§ What you are asked to do
Every line of the listing should be retyped exactly, but none of the pictures should be.

§ Supplied material
○ ○ ○ ○
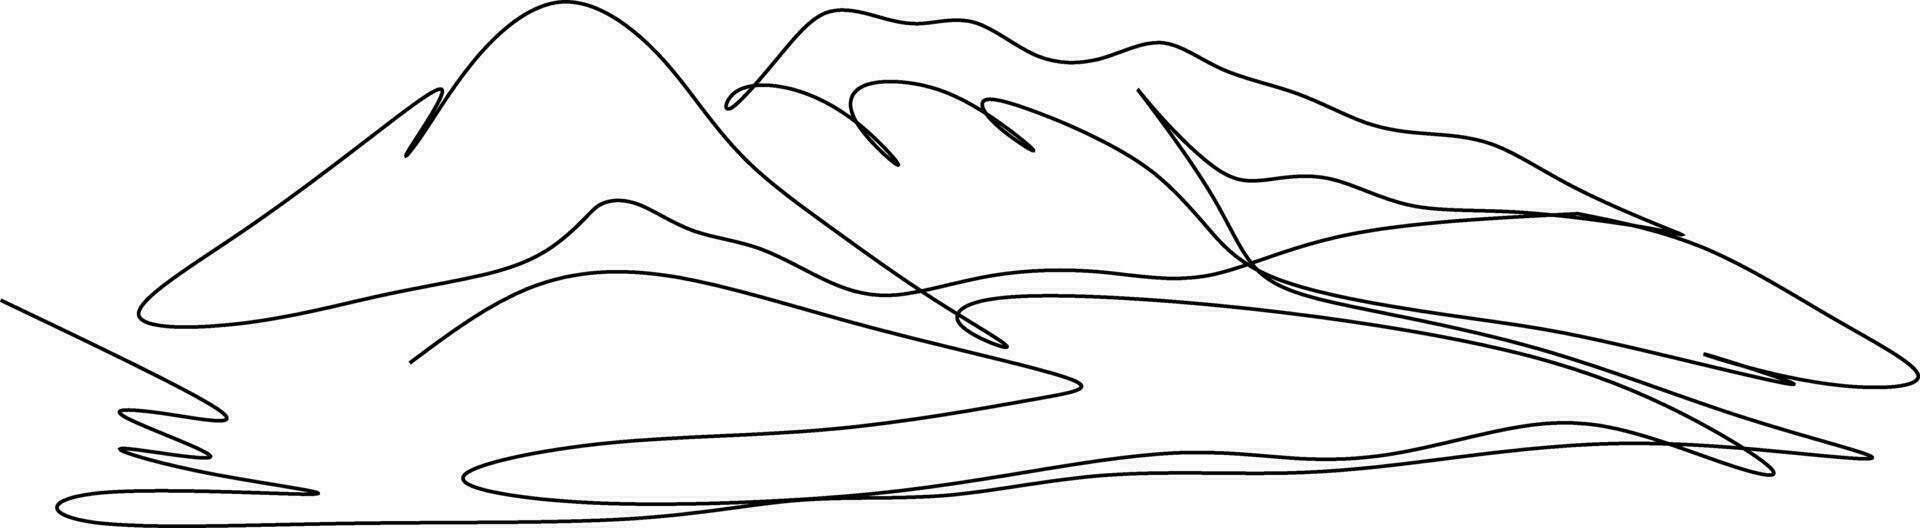 de illustraties en clip art. hand getekend illustratie van een berg en bomen vector
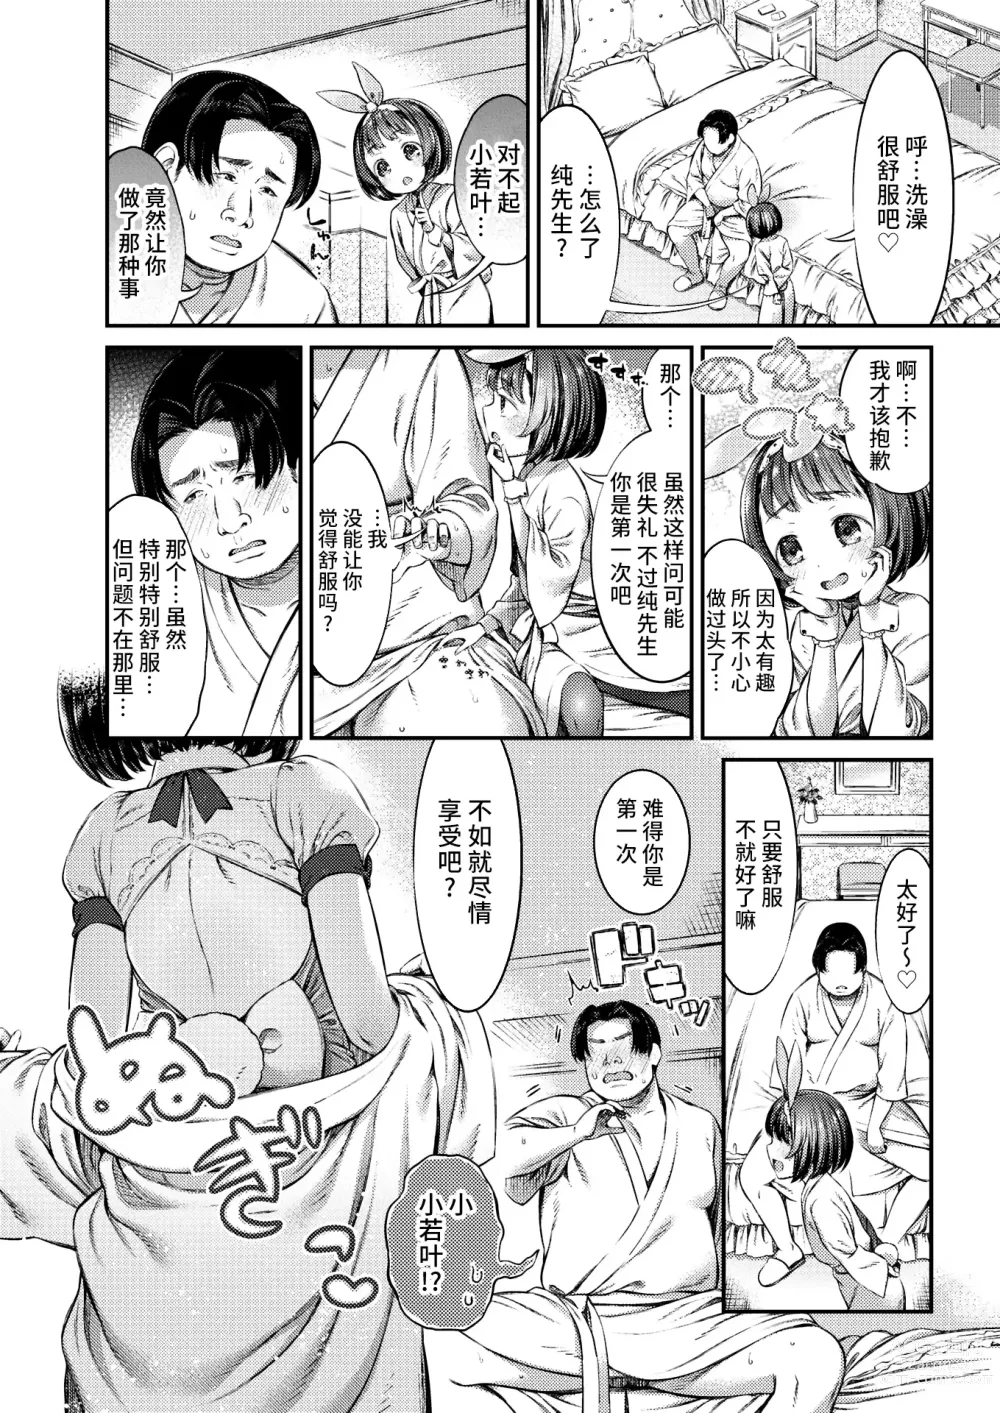 Page 10 of manga Papakatsu ni wa Kiken ga Ippai! - Papa Sex with Dangerous Girl
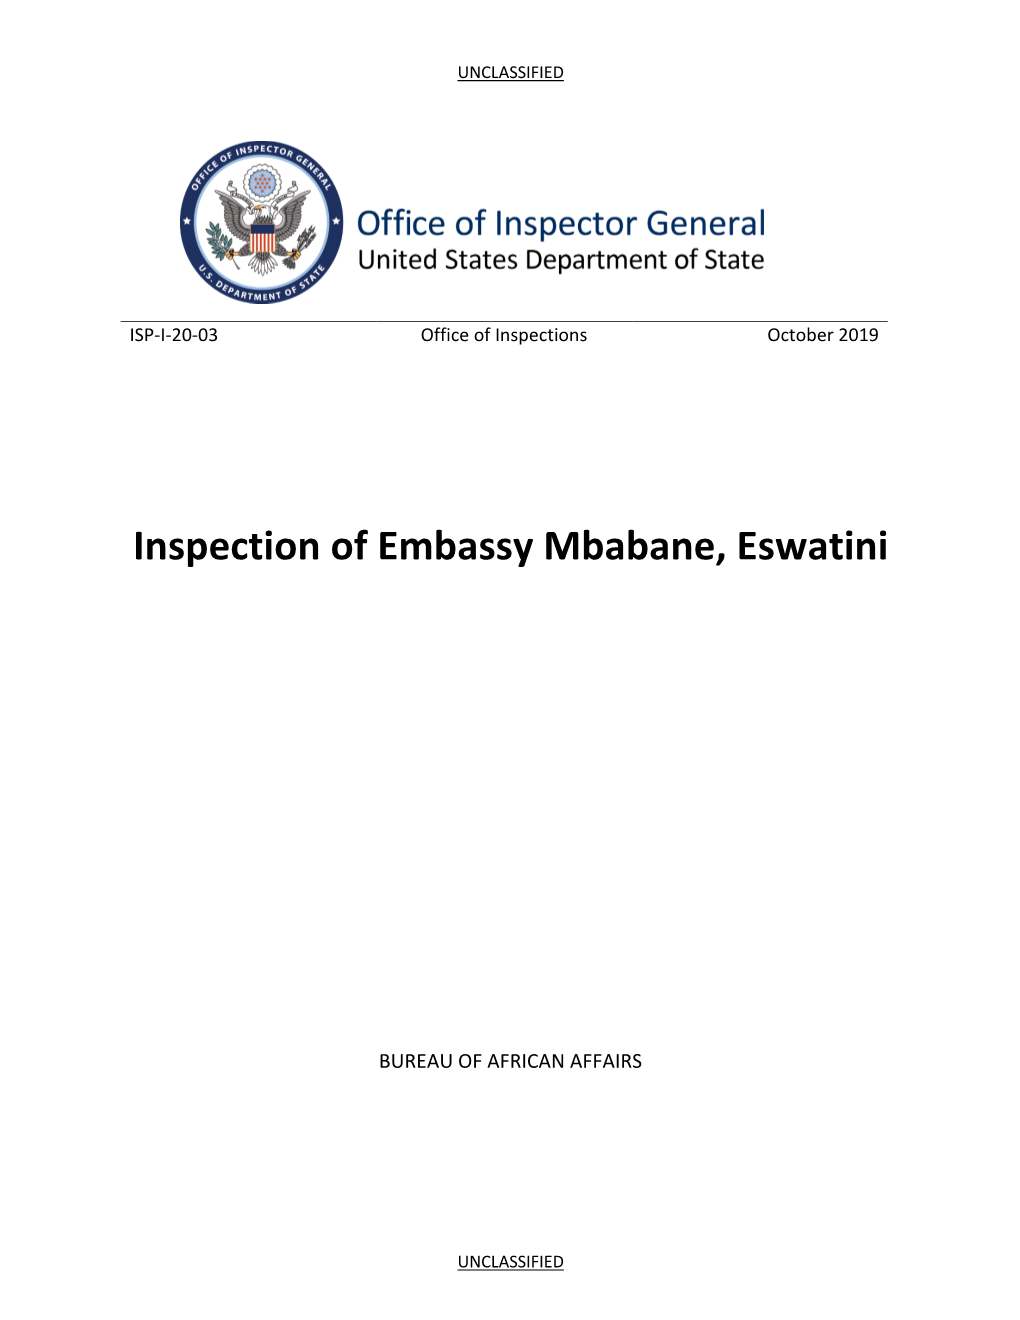 Inspection of Embassy, Mbabane, Eswatini, ISP-I-20-03
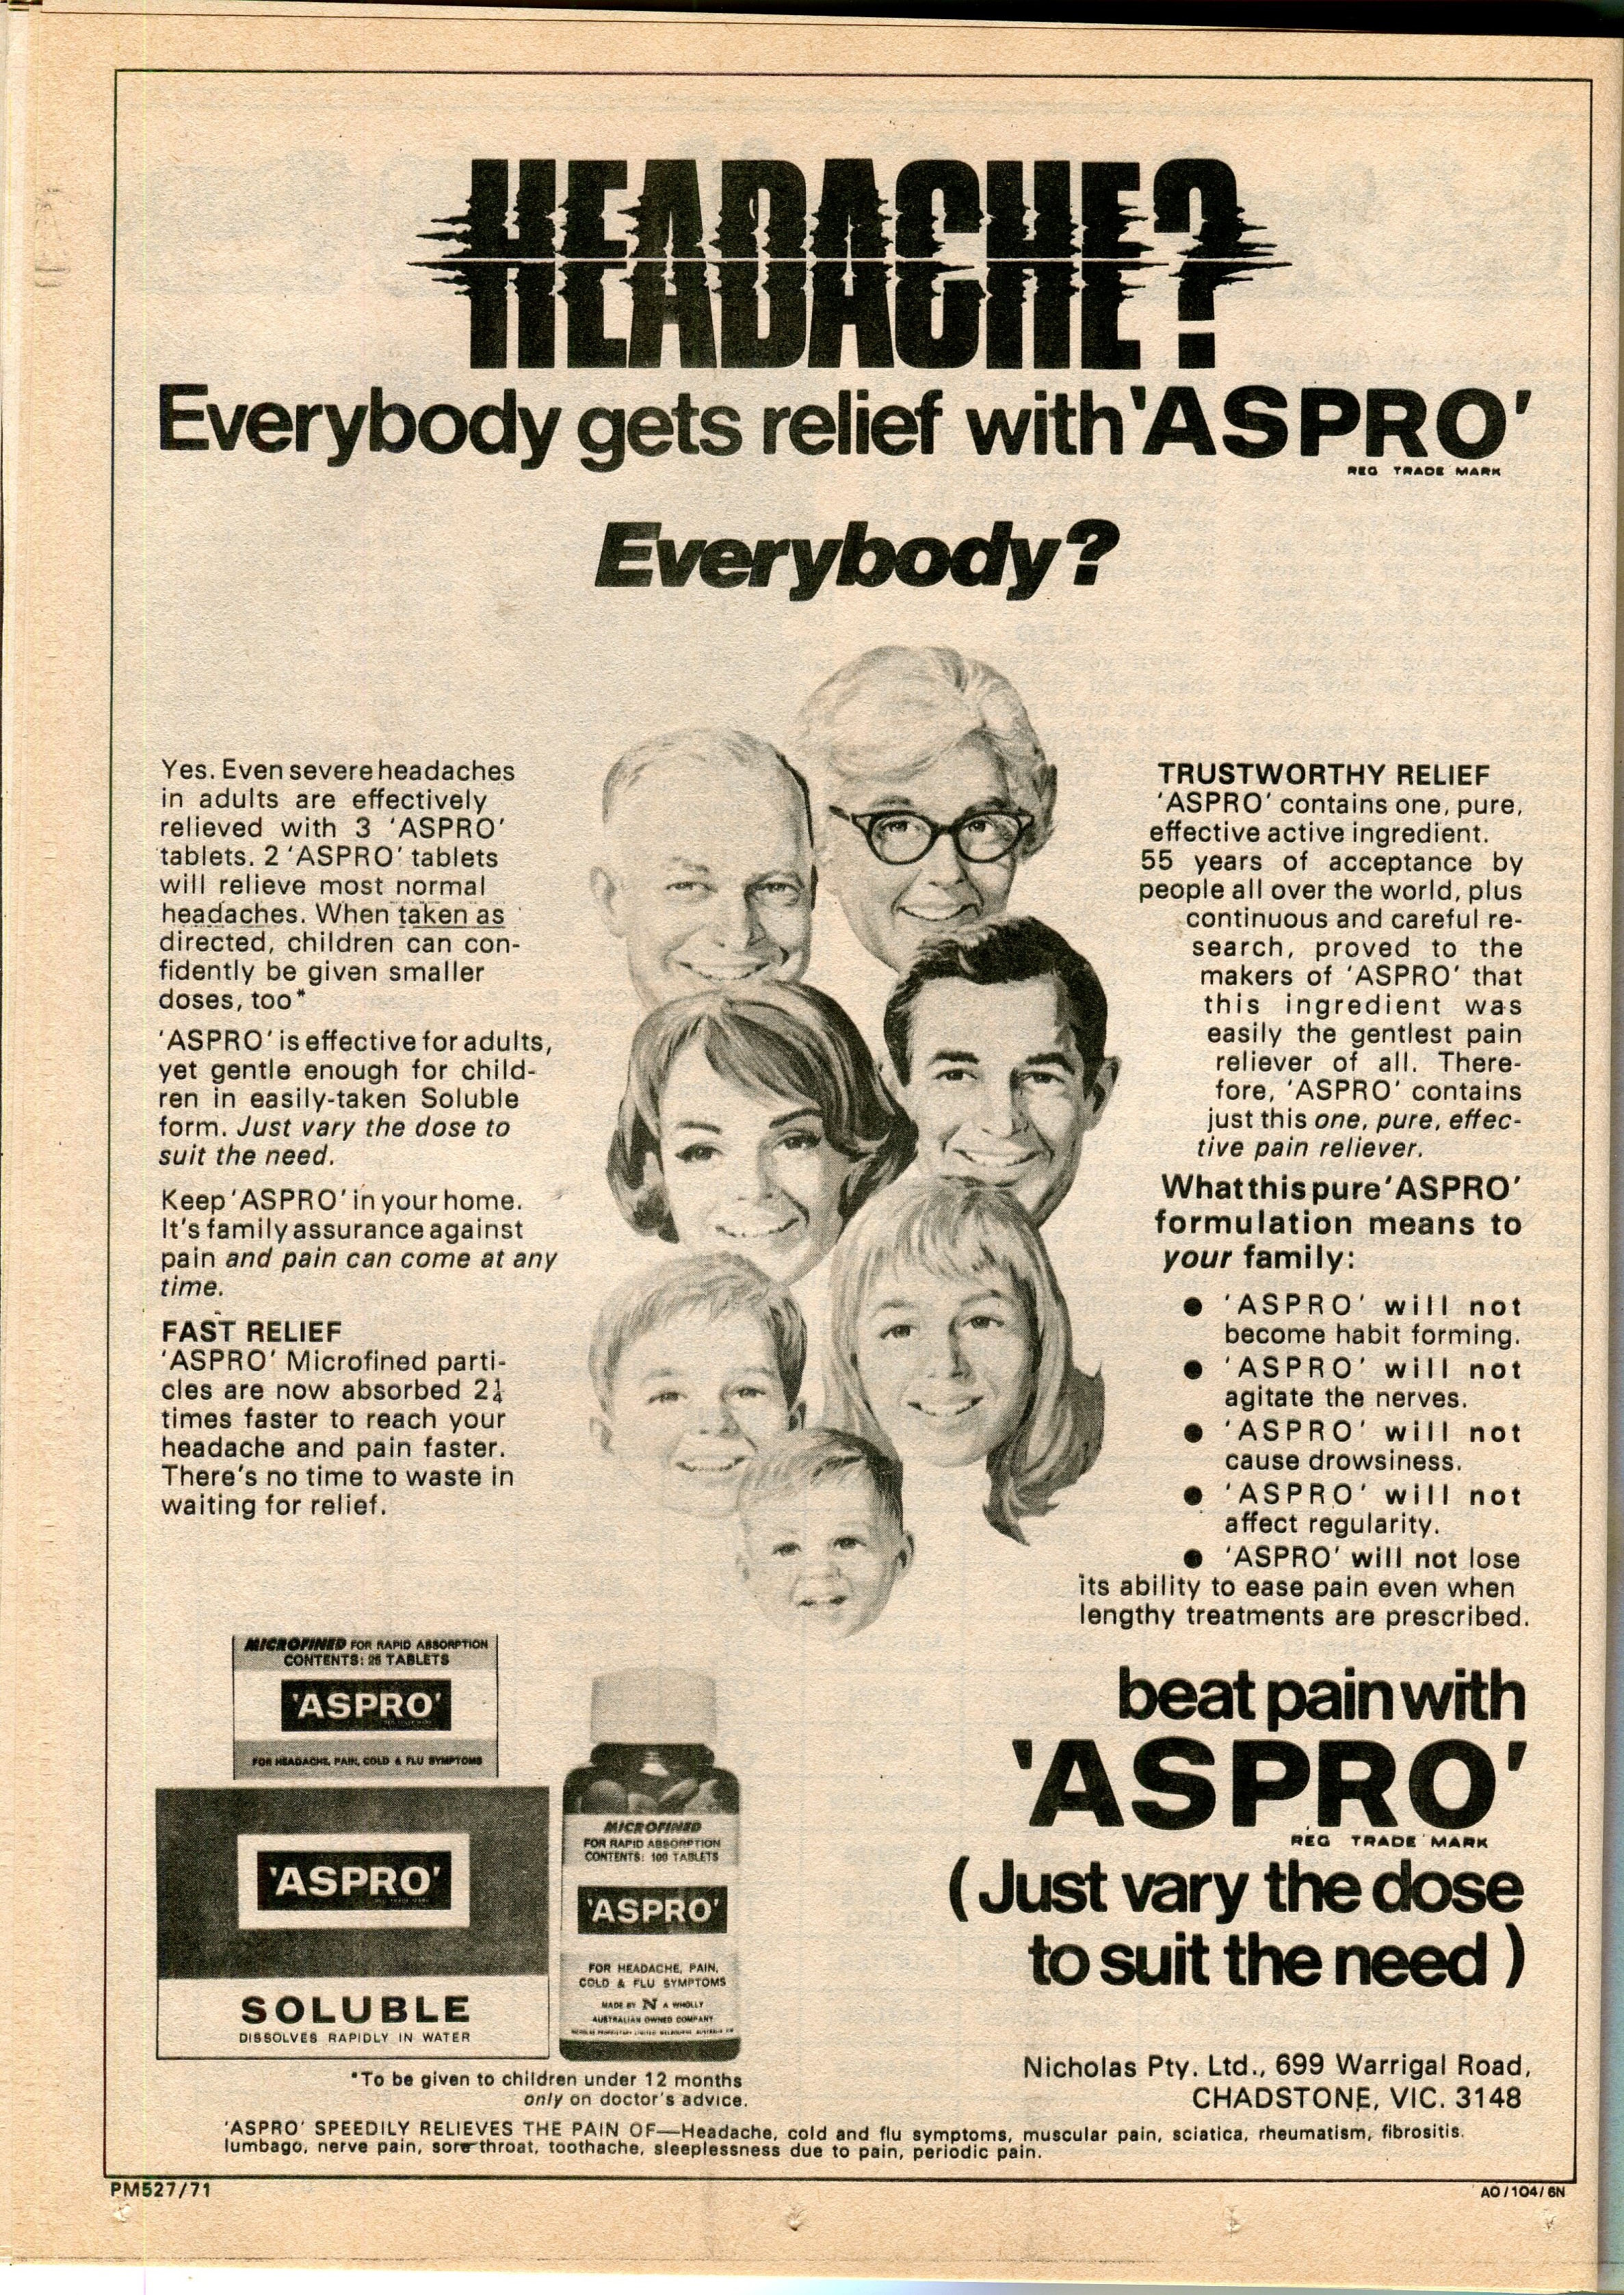 1936 Vintage Werbung Aspirin V0476 Tabletten Von Aspirin Werbung Oldtimer
○ ○ ○ ○
§ Finished exercise
 de illustraties en clip art. hand getekend illustratie van een berg en bomen vector
 Page 10 of manga Papakatsu ni wa Kiken ga Ippai! - Papa Sex with Dangerous Girl
 Inspection of Embassy, Mbabane, Eswatini, ISP-I-20-03
 1936 Vintage Werbung Aspirin V0476 Tabletten Von Aspirin Werbung Oldtimer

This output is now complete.